To fix America’s crumbling highway system, Transportation Secretary Pete Buttigieg just announced that his department will replace all of the country’s roads with a giant Slip ‘N Slide stretching across the nation.
“This streamlined technology will get you where you want to go without having to tap the concrete to see if it falls away like a cliff-edge in a movie. For too long, Americans have traveled afraid, or at least that’s what I hear,” the Secretary said over his shoulder while riding an electric scooter through Washington, DC.
The former Mayor of South Bend, Indiana, now fondly known as the “Secretary of Nerd Stuff,” revealed that the biggest surprise of the renovation wasn’t logistics but the immediate support it received from Congress.
In a rare moment of bipartisanship, the Senate unanimously voted to pass a bill to provide funding for construction. Progressives threw their support behind the project because of its low environmental impact, while Republicans couldn’t resist the opportunity to go outside and say “weeeeeee.”

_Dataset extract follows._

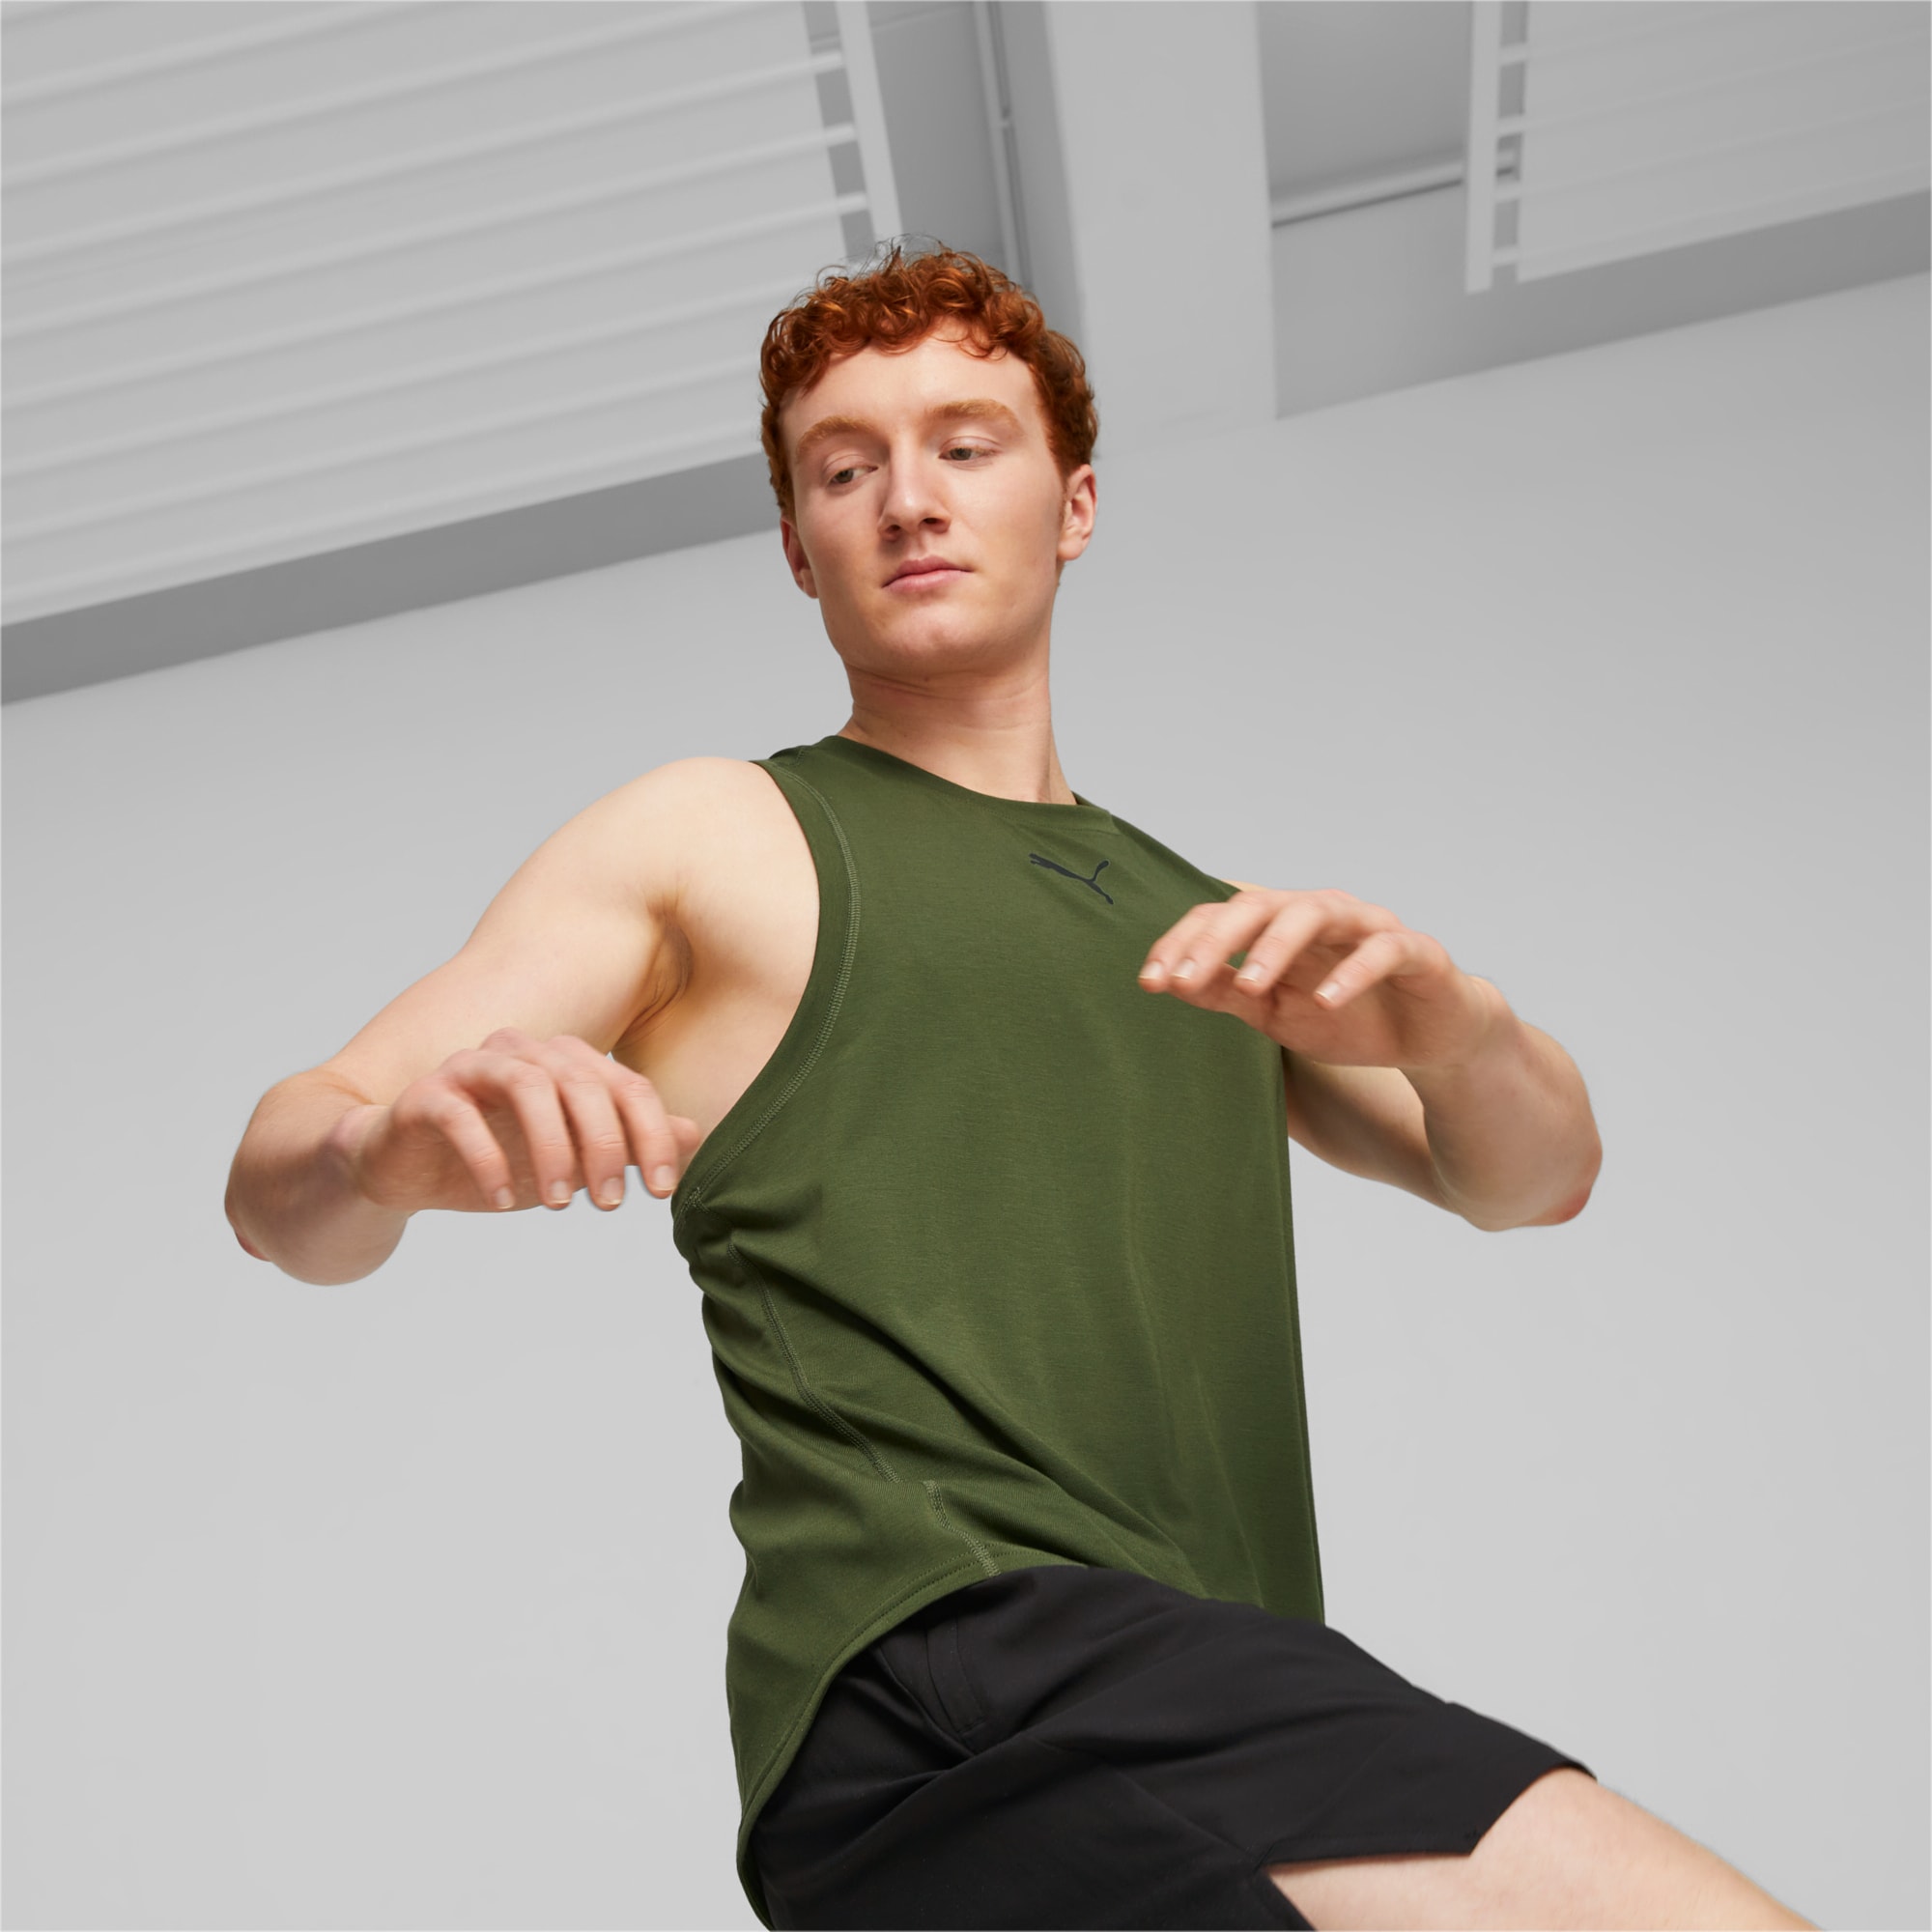 Gymshark Cotton Blend Running Training Tank Top (Men's Small) Green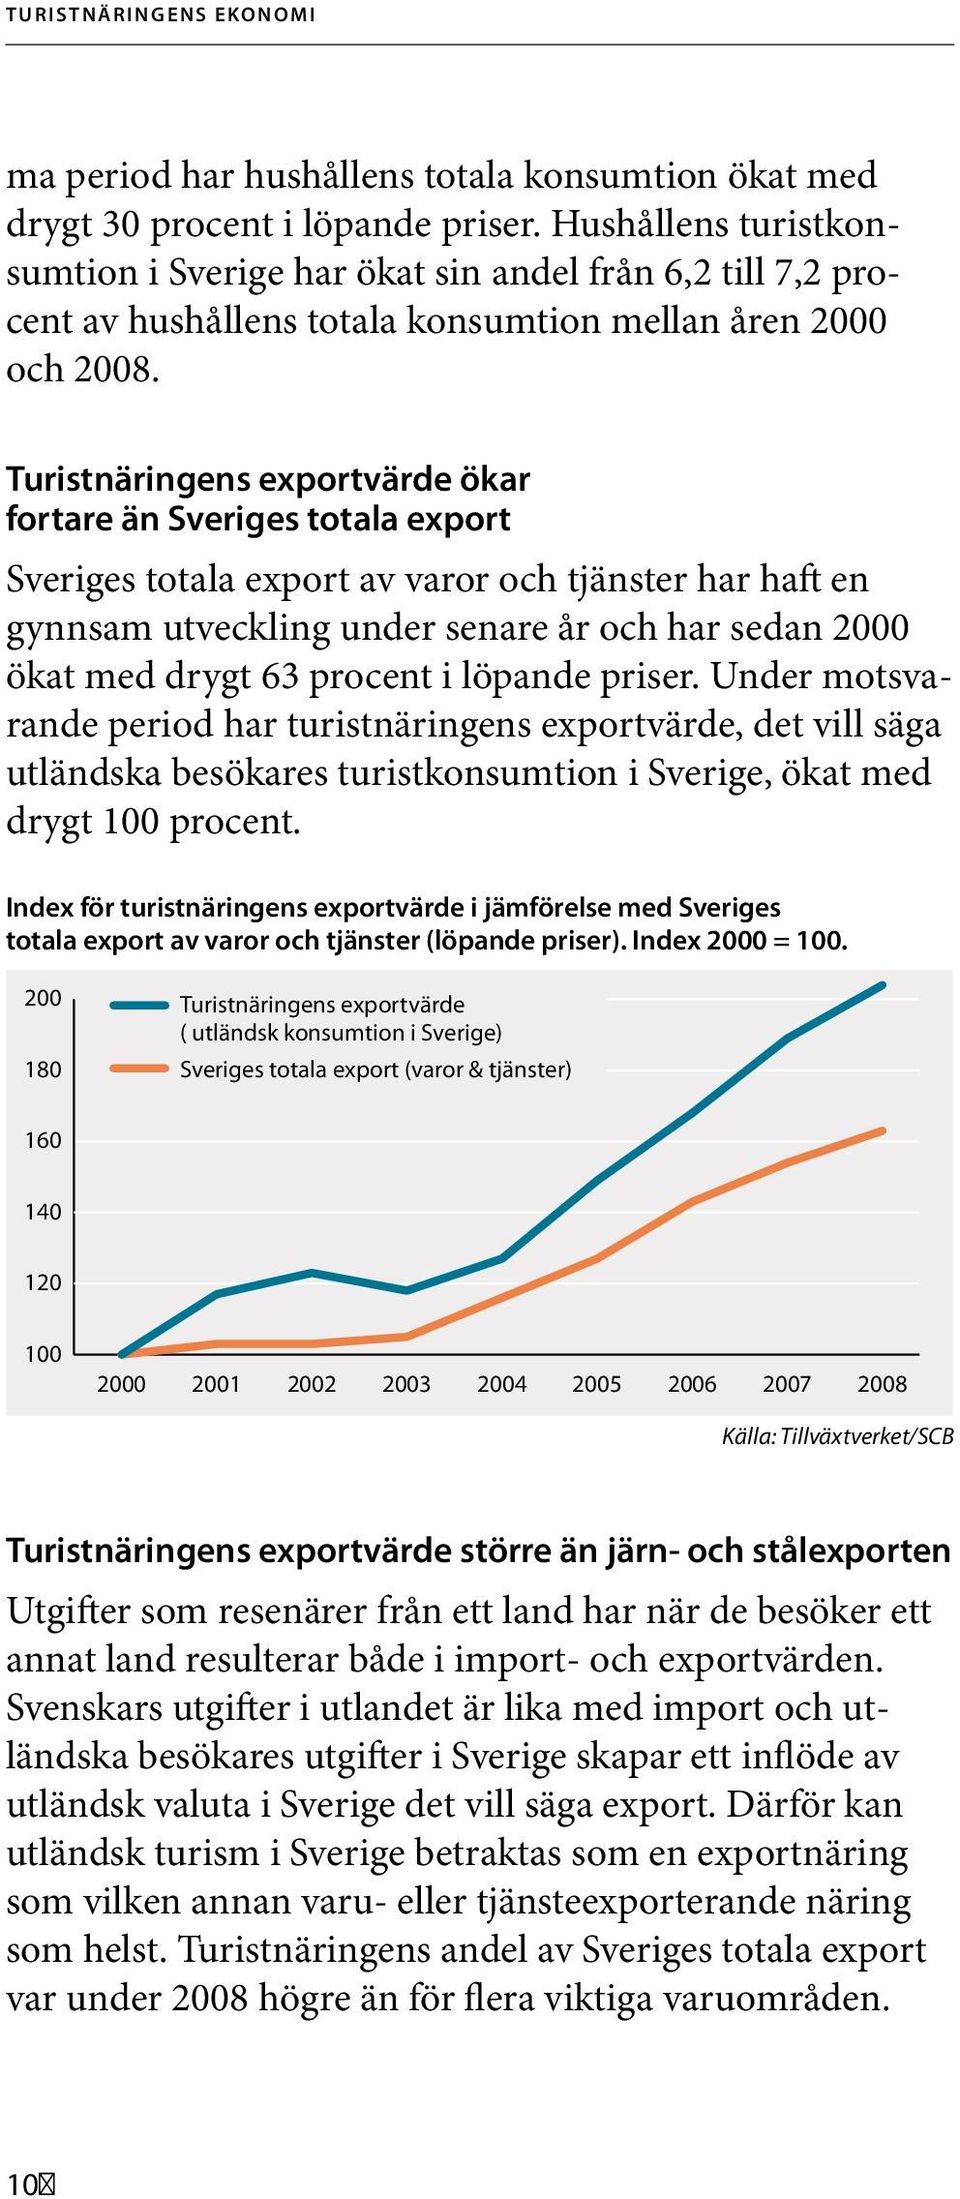 Turistnäringens exportvärde ökar fortare än Sveriges totala export Sveriges totala export av varor och tjänster har haft en gynnsam utveckling under senare år och har sedan 2000 ökat med drygt 63

“Sliding around in shallow water is actually my preferred method of travel,” said Senate minority leader Mitch McConnell. He then receded into his shell and propelled himself away. Across the aisle, Georgia Senator Jon Ossoff was also enthusiastic about the bill. “This is the perfect opportunity to deliver on my platform of taking my shirt off,” he said.
Secretary Buttigieg said the Slip ‘N Slide will be unfurled by hand like a giant roll of Hubba Bubba beginning January of next year, with estimated completion slated for 3022.